Terrorist bombings have produced a call for further controls over explosives. We believe that legislation should be directed toward controlling access to high explosives, blasting caps, and detonators. The wording of any legislation, however, must be sufficiently discriminating so that criminal elements rather than honest citizens will bear the burden of the law.

"A thoughtful and discriminating approach must recognize that there is a great deal of difference between propellants and high explosives, Gunpowder, be it black or smokeless, is relatively ineffective for bombs and consequenty is rarely used. Gunpower is, however, absolutely essential to sportsmen. A terrorist could make a crude gunpowder from commonly available materials. Gunpower for sportsmen, however must be manufactured with such qualities as granulation and burning time carefully regulated. Inflated prices of factory loaded cartridges have increasingly forced sportsmen to take up hand loading of ammunition. Black powder shooters, whose antique-type firearms were quite properly left untouched by the Gun Control Act of 1968, are in danger of having their sport crippled or eliminated. A per capita exemption on purchase and possession is not the answer, for shooters of antique-type muzzle-loading cannons need black powder in quantity.
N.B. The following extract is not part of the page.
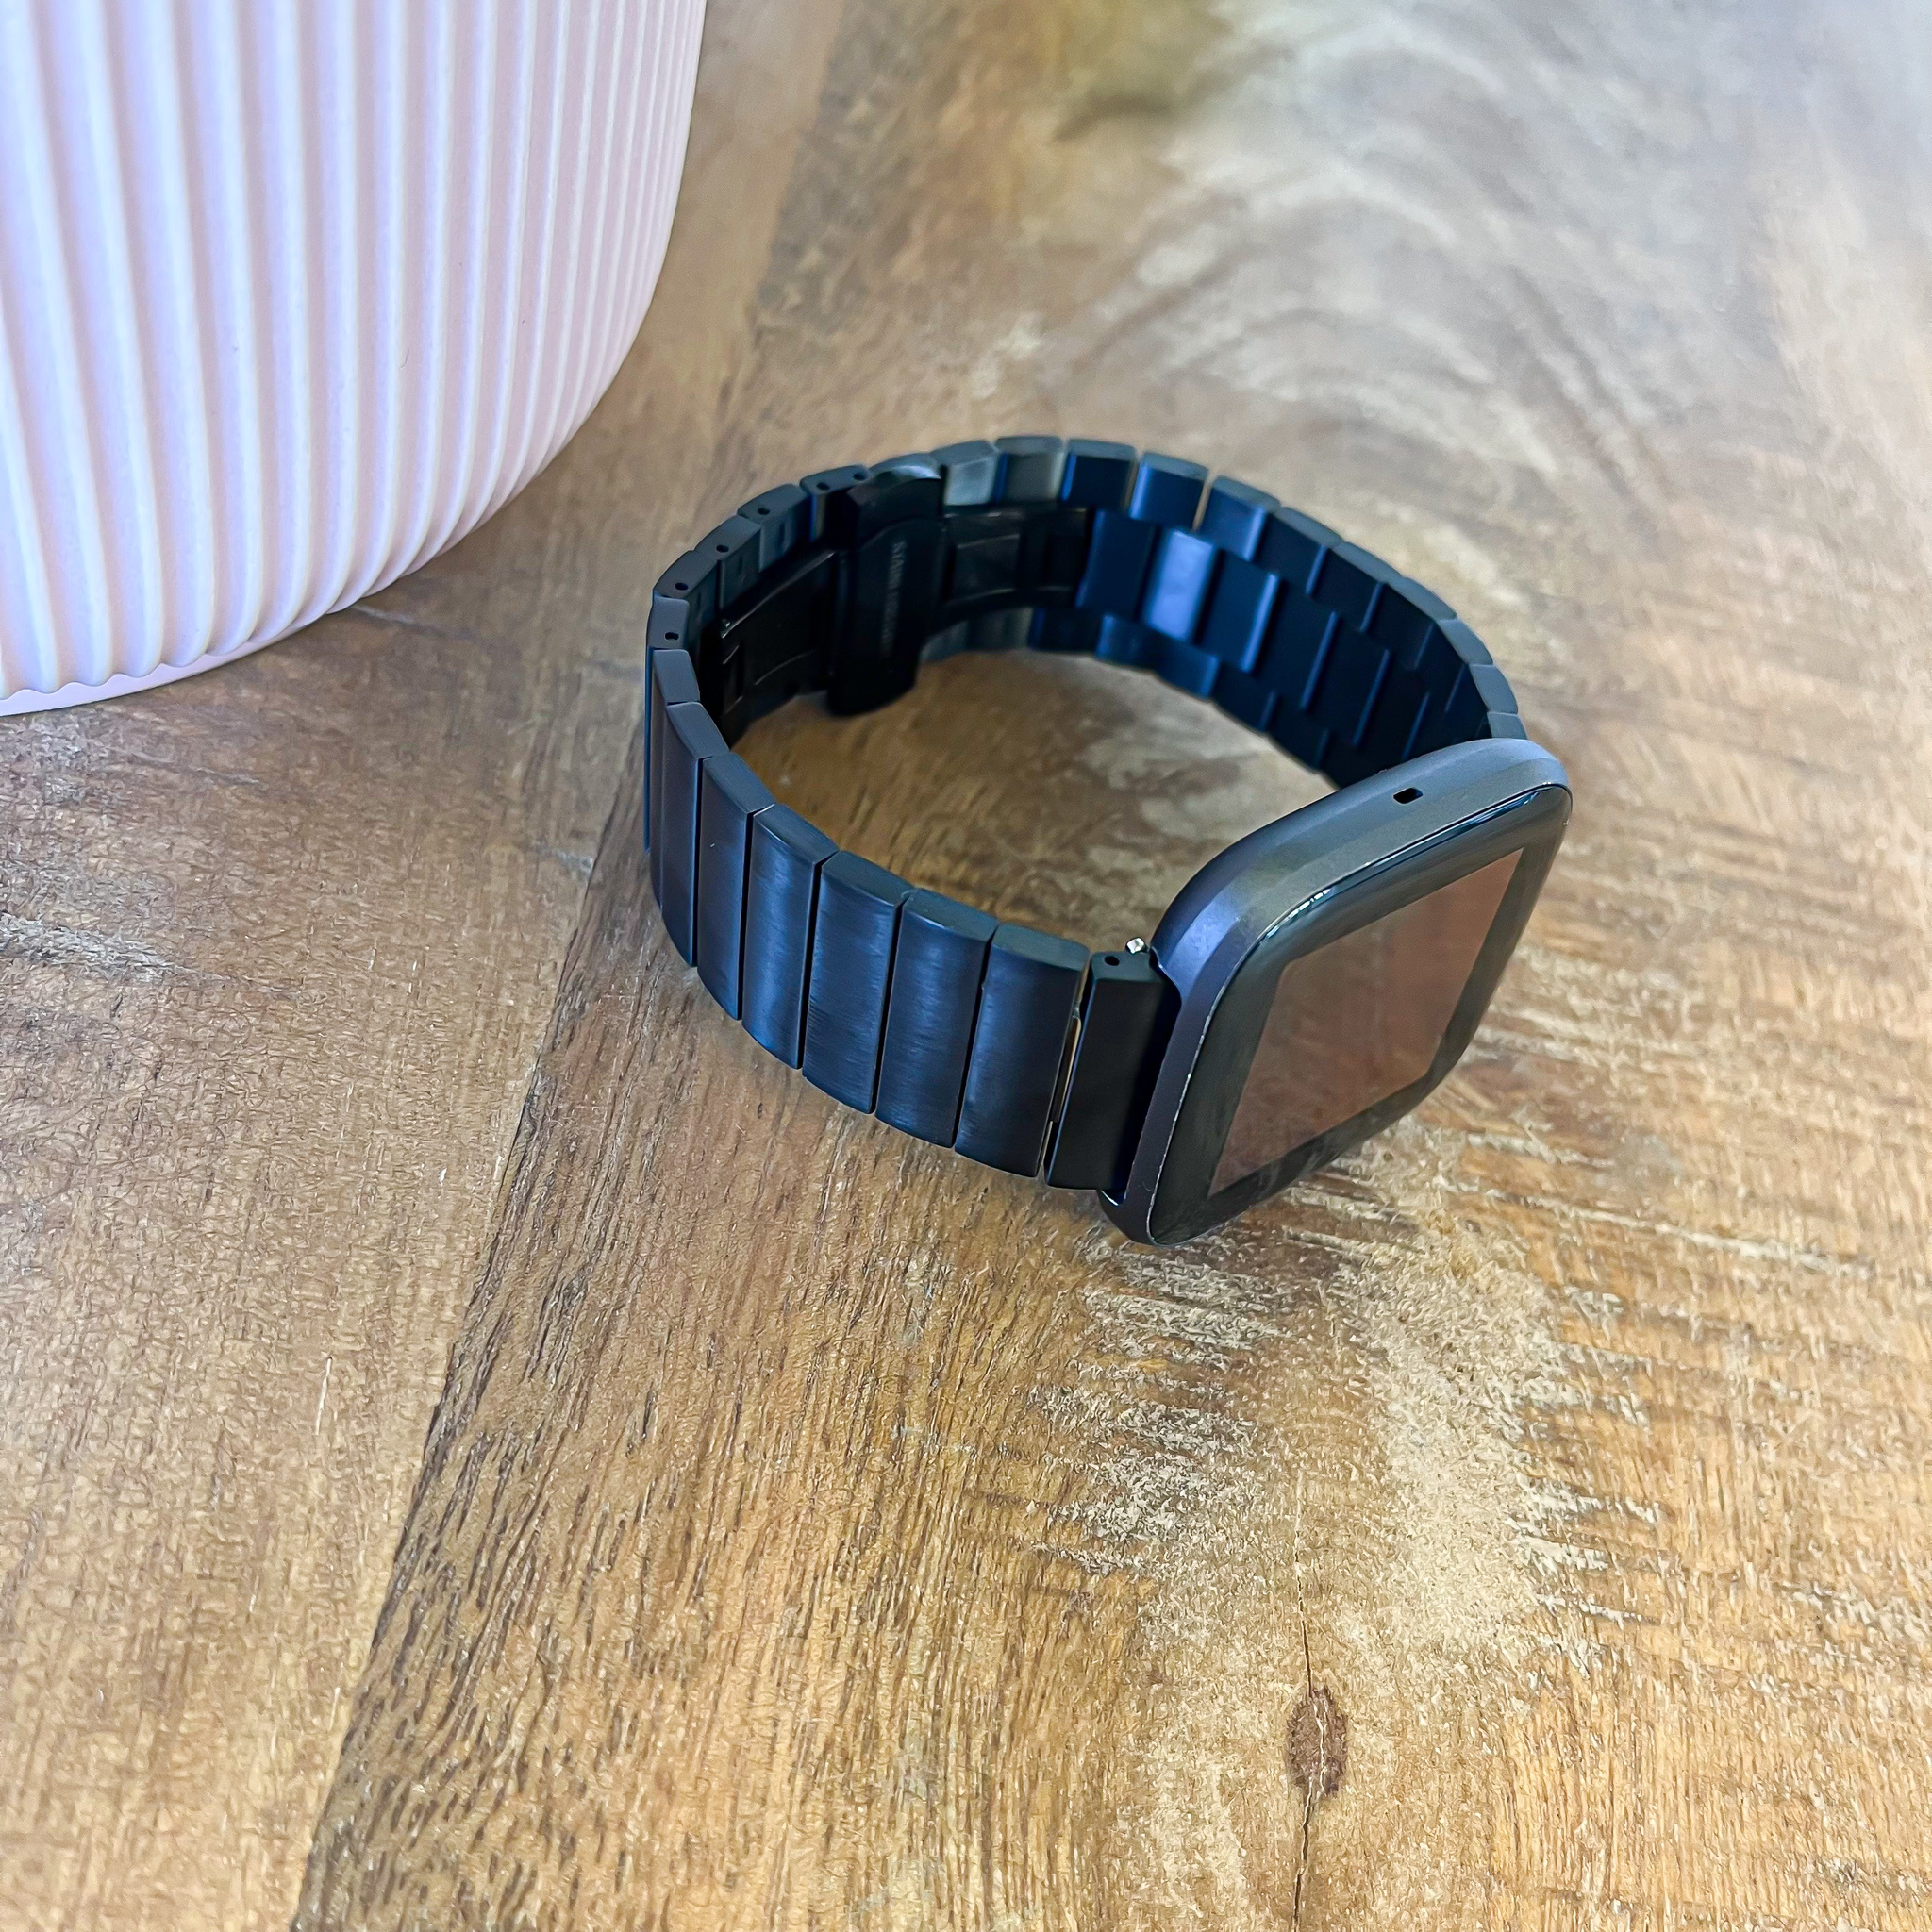 Bracelet acier maillons Fitbit Versa - noir

Though few congressmen may be aware they exist, a number of cannon shooting groups, including the Minneapolisbased Midwest Cannon Shooters Association, are active around the country.

"Among Minnesota's most famous cannon groups in the battery at New Ulm. The four cannons, six limbers, and three caissons sent for defense of New Elm during the Sioux Uprising in 1862 have been carefully preserved and are displayed and demonstrated on various occasions. Powder possession restrictions would hurt these shooters, for they burn a pound of powder per shot. Minnesota has other batteries as well. Many of them compete at the annual July 4 cannon shoot at Mayer. This is one of the largest shoots in the nation and has been nationally televised. These sportsmen are honest citizens whose interest in historical ordnance is for the public good.

"Legislation should not stifle legitimate activities. We urge the Congress to exempt all smokeless and black powders from regulation. Do not set up a quota system that will destroy the sport of cannon shooting. Do not make 3/32inch cannon fuse inaccessible. (Remember that bomb makers almost exclusively use electrical or chemical detonators.) Do not define a "bomb" so loosely that a citizen who enters a post office with a cartridge or a firecracker in his pocket is as guilty as a criminal who plants a dynamite bomb. Do not pass vague and inclusive legislation with unclear exemptions, lest honest citizens be harassed by federal agents, as they were after passage of the Gun Con trol Act of 1968. Do not allow federal enforcement agencies to allow felons and perpetrators of felonious acts to go uncharged, as has been the case under the Gun Control Act of 1968. Such action, or lack of it, makes a mockery of congressional intent."

The CHAIRMAN. This closes the hearing for this morning and we wil meet again tomorrow morning at 10 o'clock when we will hear from Members of Congress on this important legislation. The meeting will now adjourn.

(Whereupon, at 12:30 p.m., the subcommittee adjourned, to reconvene at 10 a.m., Thursday, July 30, 1970.)